# Improvisation Course - Online By Gary Burton



## Steadfastly (Nov 14, 2008)

Here is a free improvisation course for intermediate and above players by a well known guitarist in the jazz world, Gary Burton. You can sign up for free here.

https://www.coursera.org/course/improvisation


----------



## vanderkalin (Sep 4, 2009)

signed up, here goes nuthin! for the record though, I don't think Gary Burton is a guitarist, looks like he plays vibes? And this course doesn't look like it is guitar specific, not that there is anything wrong with that!


----------



## doriangrey (Mar 29, 2011)

looks like you have to submit recorded examples for peer review...sounds like fun...vanderkalin - hopefully you will update us and let us know how the courses goes


----------



## vanderkalin (Sep 4, 2009)

Yeah, hope I can represent. Anyone going with me?


----------



## Woof (Jan 13, 2010)

I have been signed up for this course a while now - loving Coursera. As long as time allows, I will participate.


----------



## Rugburn (Jan 14, 2009)

Gary Burton is an _*exceptional*_ vibraphonist. Check out *Vibrafinger*. His tone on this track seems very much inspired by electric guitar. I was turned on to this guy this past summer by an old friend.

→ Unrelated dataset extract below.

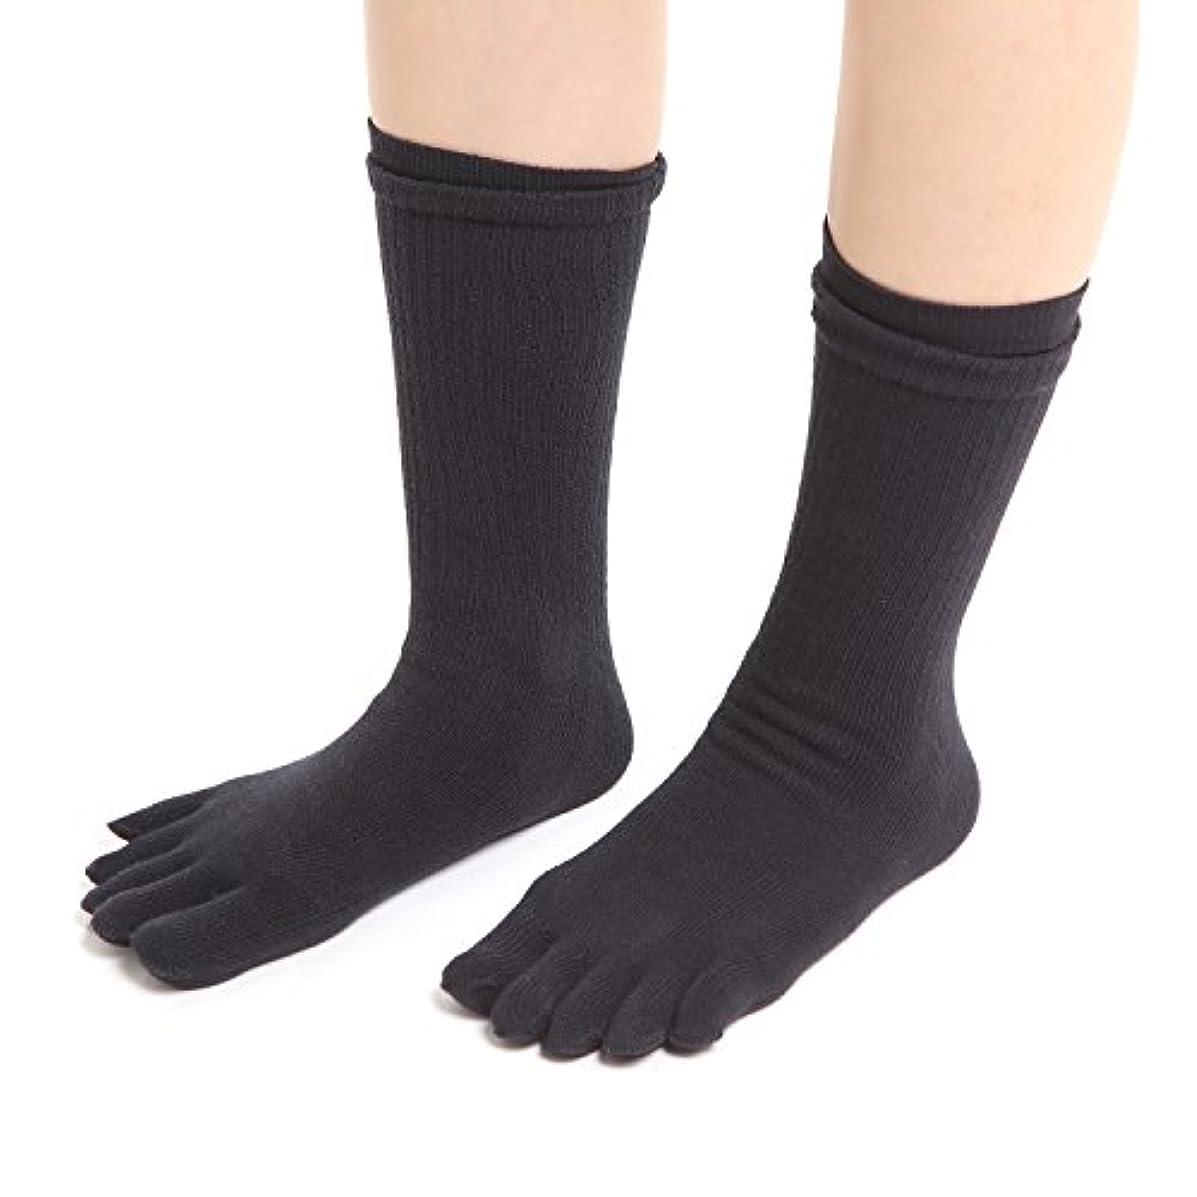 ソース住居抱擁NANA 初心者向け冷えとり靴下 内シルク外コットンソックス 2足セット 5本指ソックス フリーサイズ シルク (黒)

Enjoy


[video=youtube;ImHoIHYkUc8]http://www.youtube.com/watch?v=ImHoIHYkUc8[/video]


----------



## gtrchris (Apr 1, 2007)

This is a great series of studies on improvisation which can be applied to all instruments.


----------



## gtrchris (Apr 1, 2007)

Here's a link to one of his improv sessions
http://www.youtube.com/watch?v=pTuR6lbSh68

sorry that was just the testimonials..here's the lesson
http://www.youtube.com/watch?v=t2txO_u2eNg


----------